GOAL OF THE EXERCISE:
Transcribe the data in full and exactly, omitting any pictures.

DATA EXCERPT:
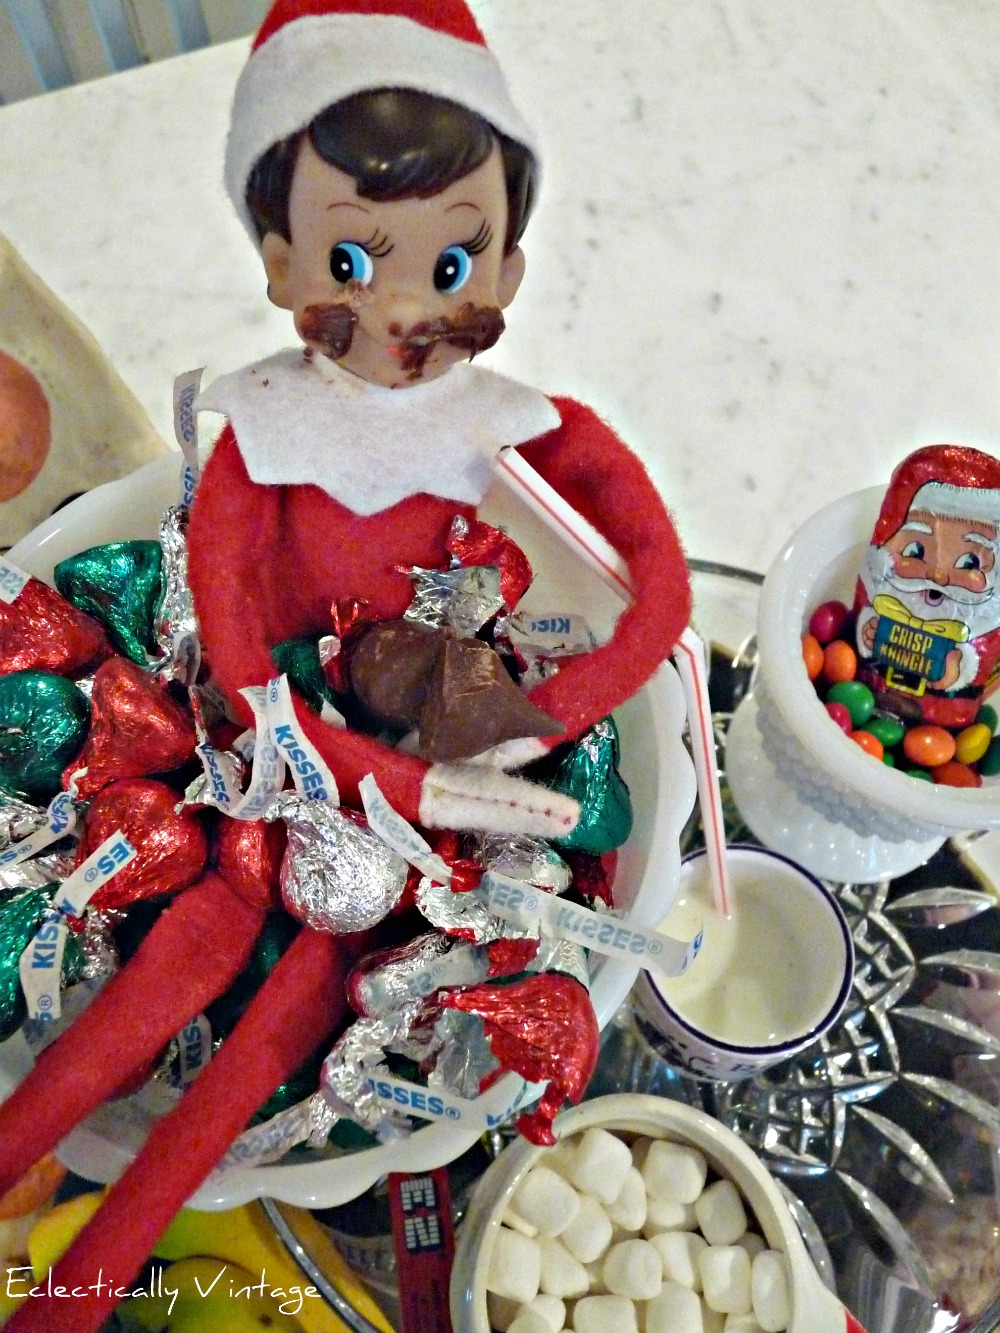 18 Hysterical Elf on the Shelf ideas! #elfontheshelf kellyelko.com This little Elf on the Shelf is on a sugar high after raiding the candy jar!
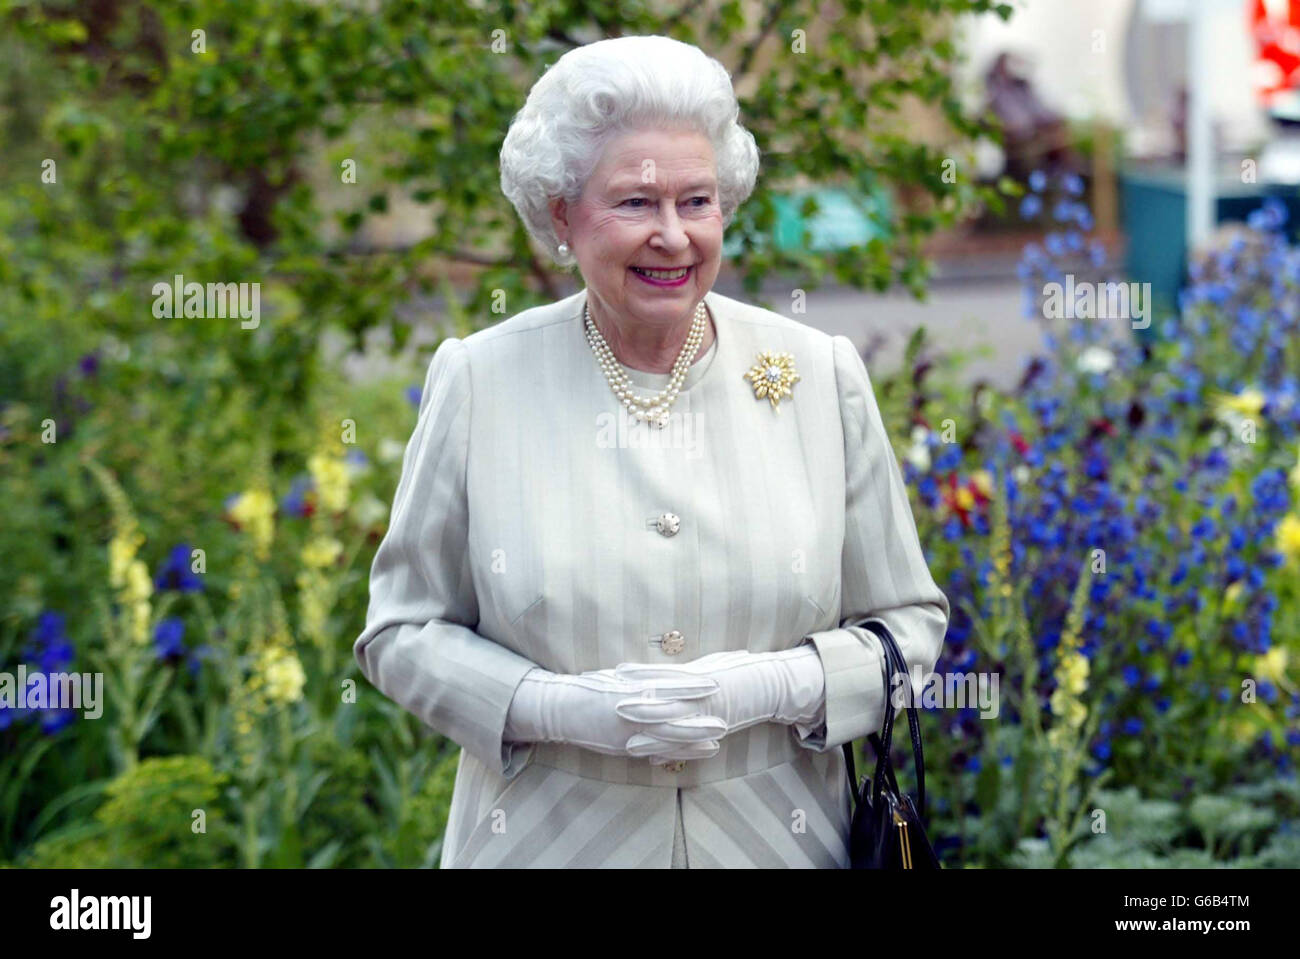 Queen Elizabeth II besucht die Chelsea Flower Show der Royal Horticultural Society in London. Stockfoto
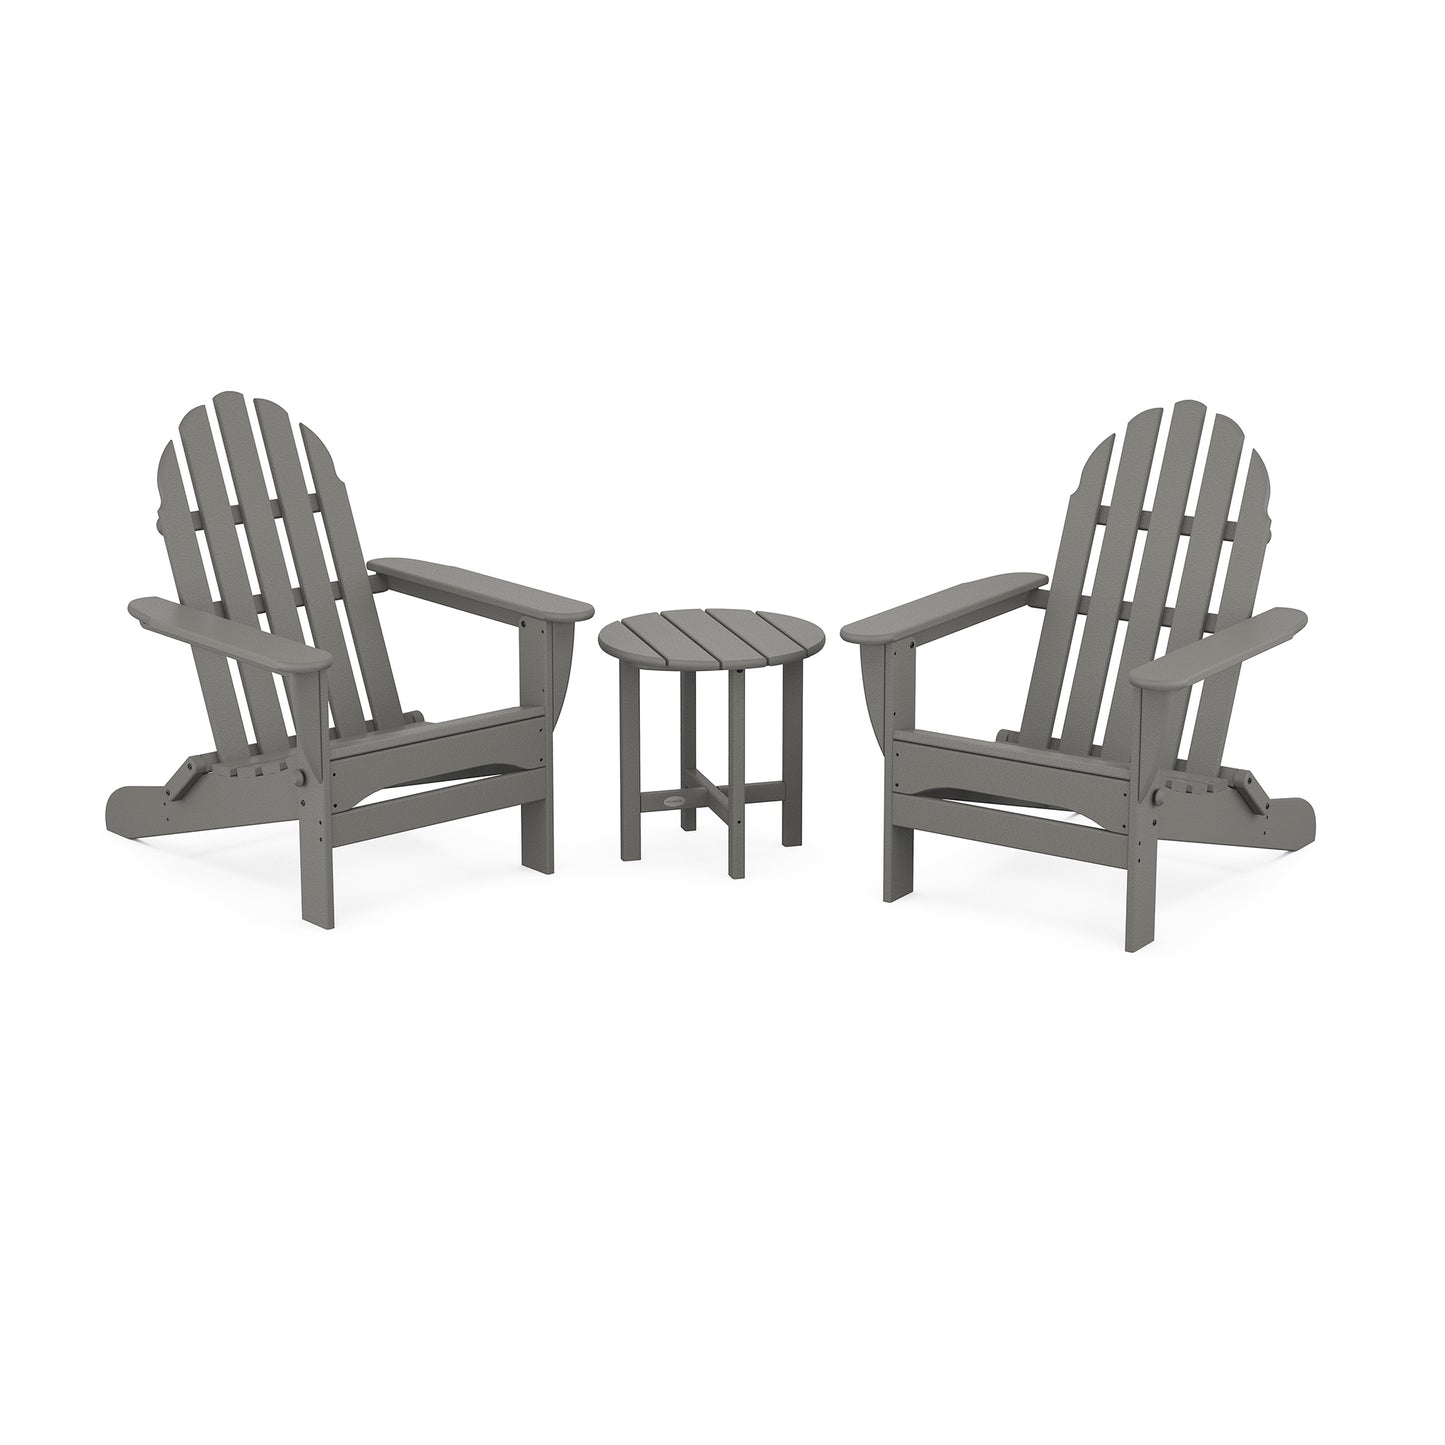 Three gray POLYWOOD Classic Folding Adirondack 3-Piece Set chairs on a white background.

OUTPUT OF THE EXERCISE:
 18 Hysterical Elf on the Shelf ideas! #elfontheshelf kellyelko.com This little Elf on the Shelf is on a sugar high after raiding the candy jar!
 Queen Elizabeth II besucht die Chelsea Flower Show der Royal Horticultural Society in London. Stockfoto
 Three gray POLYWOOD Classic Folding Adirondack 3-Piece Set chairs on a white background.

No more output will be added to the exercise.